If you were to advise a new PhD student entering the field of in situ liquid TEM, what lessons learned or common pitfalls would you highlight for designing successful synthesis experiments?
If I were advising a new PhD student entering in situ liquid TEM, the first thing I would emphasize is the importance of really knowing your microscope and trusting your alignments. Many issues in liquid-cell experiments come back to basic setup and imaging reliability. Alongside that, you need to deeply understand your experiment, have a clear scientific question, a solid hypothesis, and be familiar with the relevant literature. Every observation should be intentional, contributing to answering that question rather than just collecting data blindly.
Hands-on practice is also critical, especially with organic or soft materials, which often have low contrast and are sensitive to radiolysis.
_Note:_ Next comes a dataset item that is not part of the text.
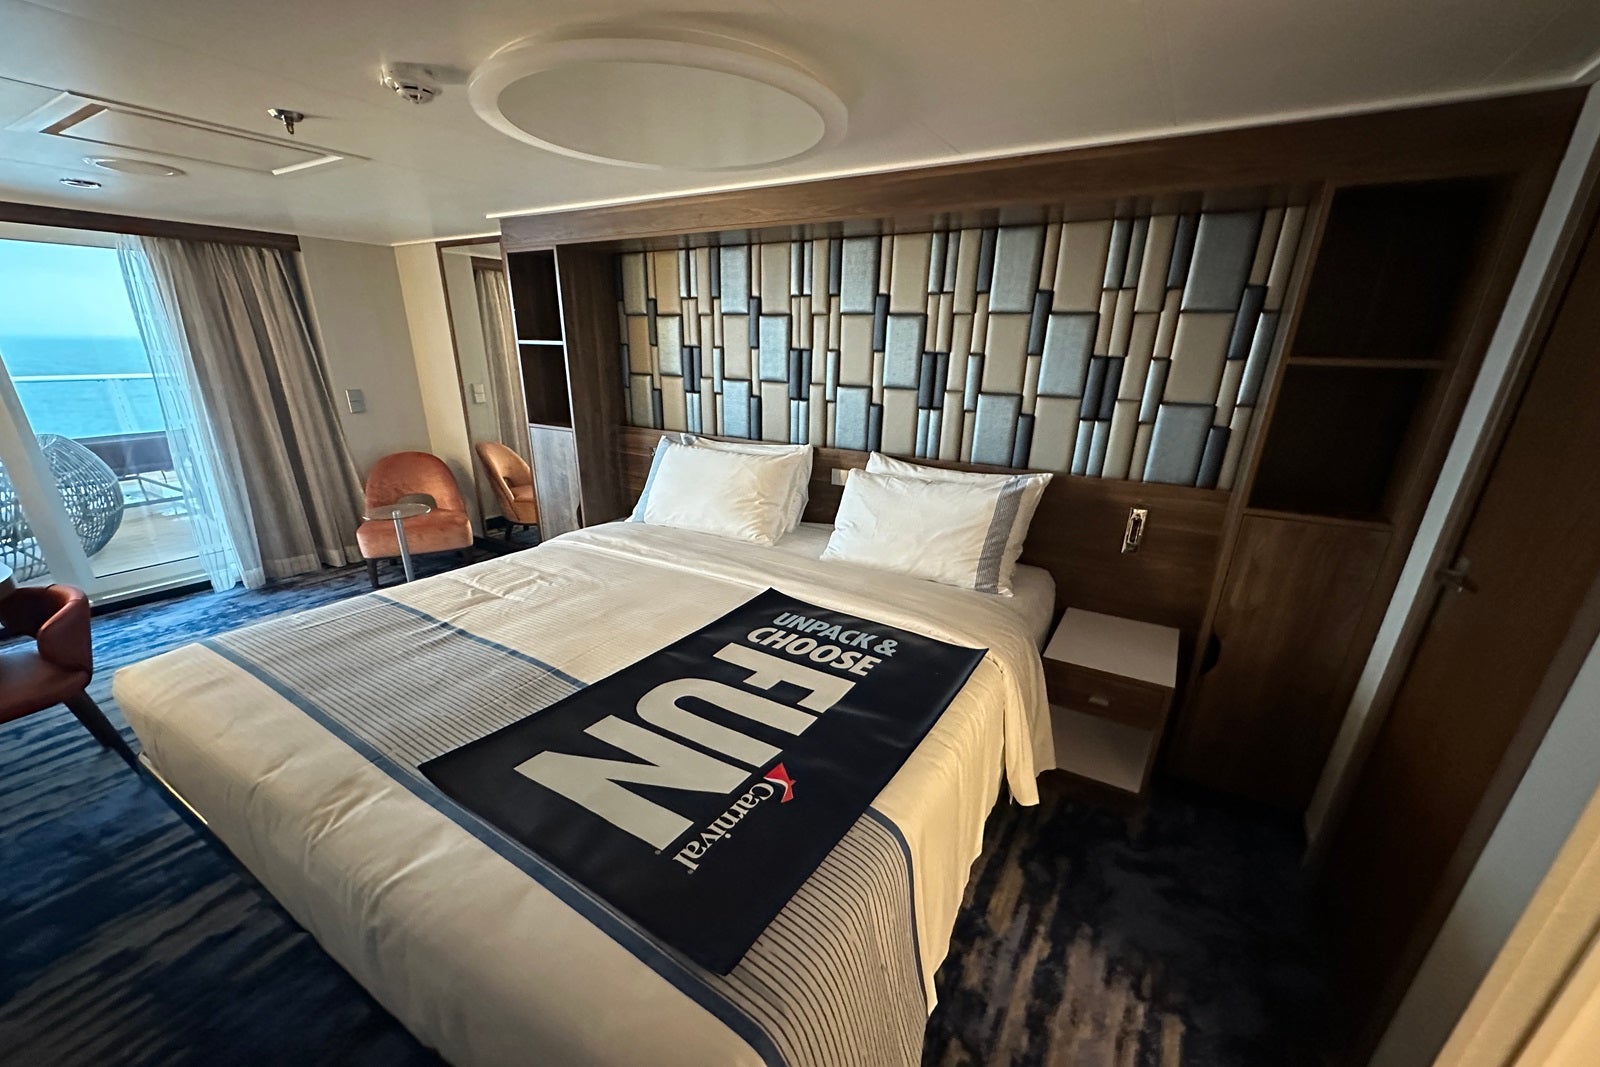 A cruise ship cabin with a bed, a nightstand and a chair with a checkered headboard and a luggage runner that says "Choose fun"

Learning to recognize beam-induced effects, understanding your sample’s response under different conditions, and knowing when postmortem techniques like EDS or STEM imaging are useful can make a huge difference. Success in liquid-cell TEM comes from a combination of careful planning, repeated practice, and a strong understanding of both your sample and the microscope, so that what you observe reflects real processes, not artifacts.
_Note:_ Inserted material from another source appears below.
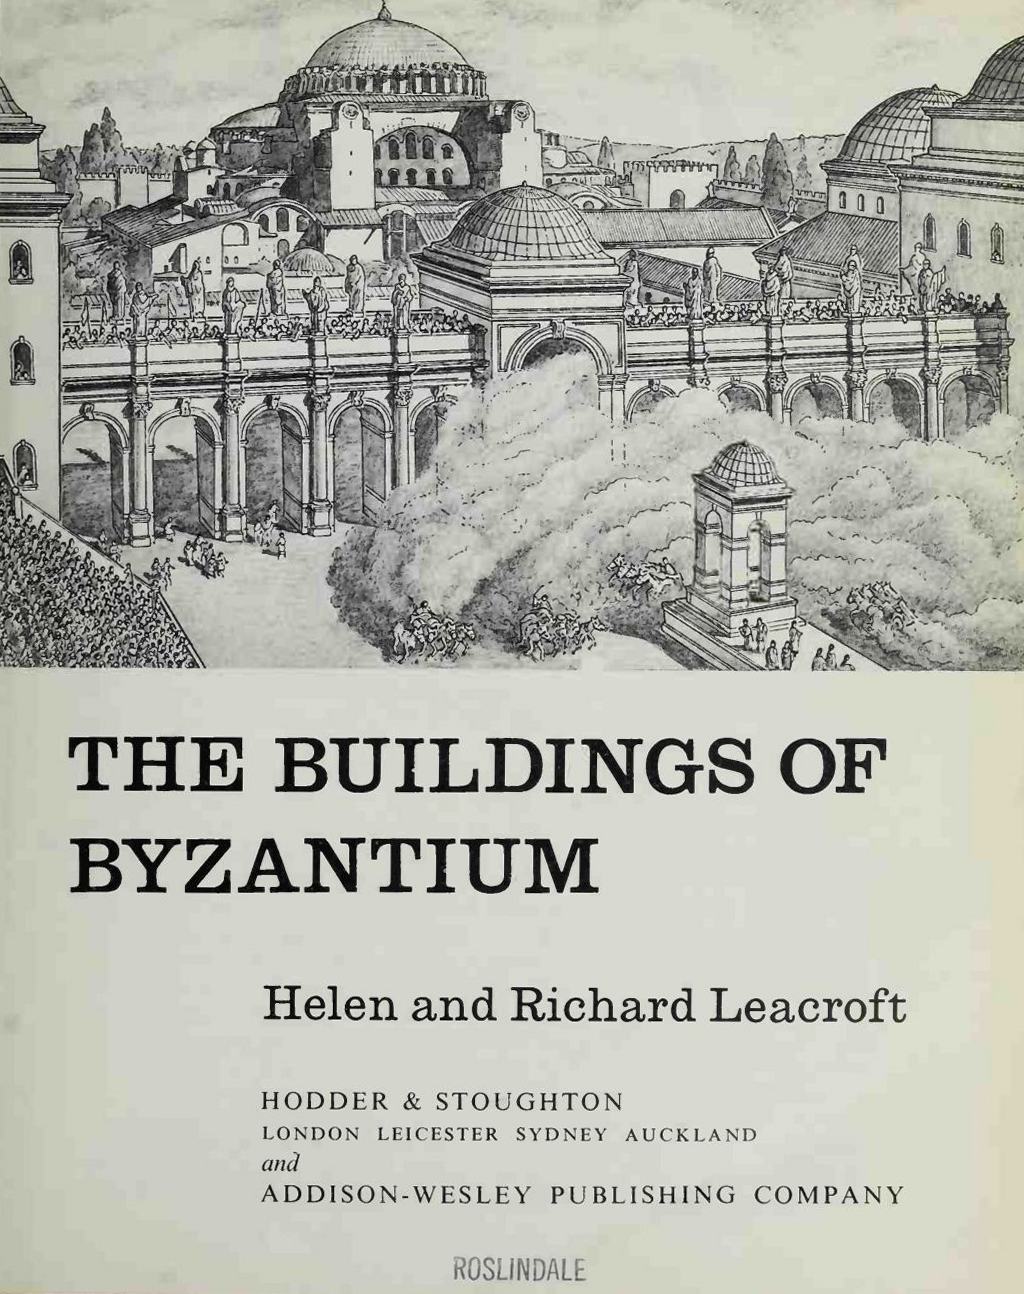 The Buildings of Byzantium / Helen and Richard Leacroft

Finally, looking ahead, what developments or breakthroughs would you most like to see in nanoscale research, e.g. in instrumentation, software, methodology, or scientific understanding?
Looking ahead, one of the developments I would most like to see is continued improvement in liquid-cell design, particularly reducing both membrane and liquid thickness. Thinner cells would allow higher resolution imaging while still maintaining realistic liquid environments, which would open up a lot of possibilities for studying nanoscale processes in greater detail. Alongside that, a good workflow to integrate spectroscopy, like EELS and EDS, would let us probe not just the structure, but also the chemistry of materials in real time.
Scientifically, I think there is still a lot we do not fully understand about nanomaterial synthesis. Observing morphology alone is often not enough; we also need to understand changes in crystallinity, chemical structure, and how these factors evolve during reactions. I am also excited by the potential for better control over beam-induced effects, mitigating dose and damage will be crucial for studying more sensitive or organic systems. Ultimately, combining tailored cell designs, improved analytical tools, and deeper mechanistic understanding could transform what we can learn about nanoscale materials and their dynamic behavior.
Thank you so much, Nathan, for sharing your insights and giving us a fascinating look into nanomaterial synthesis with liquid-phase TEM!